Neither of them spoke much of their suspicions. Neither wanted to say it aloud – not yet. And so they sailed north, along a rocky coast with what seemed impossibly tall mountains rising up toward the sky, and then late one afternoon, as the sun set – there it was, one mountain taller than any of the others – and from their ship, they could barely make out what seemed to be a harbor and a pass through the mountains, and they knew that their suspicions had been correct.
“When we return, find your wife and your children,” Hendinaer said. “The ban…”
“We sailed east,” Cullasso protested.
“I’m not relying on that mattering,” Hendinaer said, and Cullasso knew that he might just be right. Safer for them to leave, just on the off chance…
*~*~*~*~*~*~*~*~*~*~*~*~*~*~*~*~*~*~*~*
Fifteen years later…
Cullasso had convinced every family member that he and Nistaurë could find that the coast along the Bay of Belfalas would be a lovely place to found a settlement, and they could always send back to Númenor for brides for their sons and perhaps send their daughters back to Númenor for husbands. It was a small port, but the elves would come and trade with them, and once the native men realized that these Númenóreans were not about to deforest their lands or enslave their children, they’d become more friendly and open as well. Nistaurë fished, and sometimes sailed, and they both explored the woods of their new homelands, and very rarely Hendinaer would come up from the settlement that he had founded, farther south, in that spot that seemed to be a natural harbor.
Cullasso laughed when he thought about his friend and former captain, who’d snuck into the palace at Armenelos intending to bring out his lady-love – and who’d ended up with both princesses and several scholars who’d managed to somehow offend the Queen and a damn potted laurinquë sapling.
The sapling had been the funniest thing of all – the plant that had made them suspect, and now seemingly to become the emblem of Hendinaer’s settlement in the south. Quindelótë insisted that the laurinquë seemed to like the warmer, drier climate of that land, and it thrived there as it never had in Númenor.

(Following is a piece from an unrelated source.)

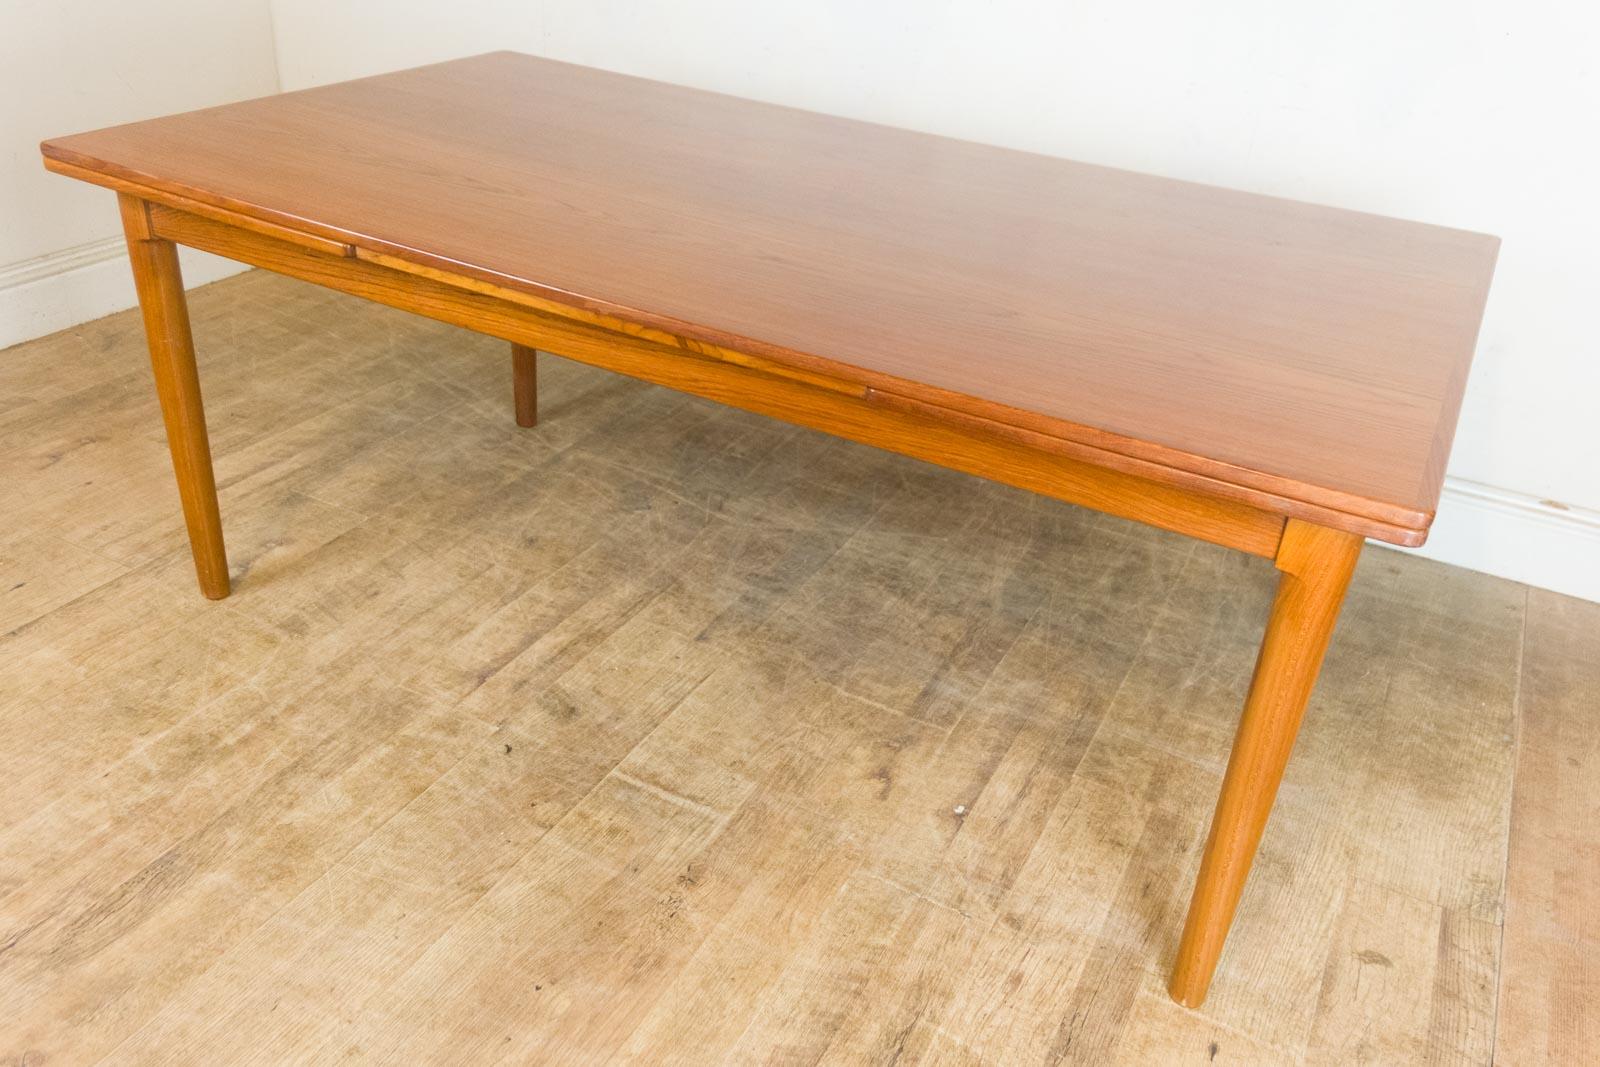 Vintage Retro Large Teak Danish Extending Dining Table eBay : HV011007 3 from www.ebay.co.uk size 1600 x 1067 jpeg 220kB

Much as she’ll thrive more than she ever did in Númenor, he thought, and laughed to himself as he remembered his most recent conversation with Hendinaer.
“We must have been on Aman, at least,” Cullasso had said, “even if we weren’t in Valinor itself. Laurinquë grows in Númenor and in Tol Eressëa – and came from Valinor, it’s said.”
“And yet, Númenor remains,” Hendinaer said. “Whether intentionally or not, we violated the ban.”
Cullasso shrugged. “We got there by sailing east. The ban’s on sailing west,” he said.
An uncomfortable silence fell at that statement. Could it be that easy to circumvent the ban?
And then another thought had occurred to Cullasso, another notion for which neither man had an answer. “Do you think the Valar even noticed that we were there?”
Chapter End Notes
AUTHOR’S NOTES: In this story, I assume that the ‘round earth’ version of the tale written in Myths Transformed is the more factual account of the ordering of Tolkien’s universe – i.e., that the flat earth and the Sun and Moon being derived from the Two Trees is ‘Mannish myth,’ that the earth was round from the beginning, and the Trees illuminated a Valinor which was defended (in part) by the ‘domes of the Valar.’ That material can be found in HoME X, Morgoth’s Ring.
The caves that the Númenórean mariners find: these descriptions are adapted from Tolkien’s original descriptions of the halls of ‘Fui Nienna’ and ‘Ve Mandos’ in The Book of Lost Tales, Volume One. Tolkien abandoned the idea, and so I’ve written these places as being abandoned as a nod to that.
Laurinquë is described in Unfinished Tales, Part II: ‘Description of the Island of Númenor.’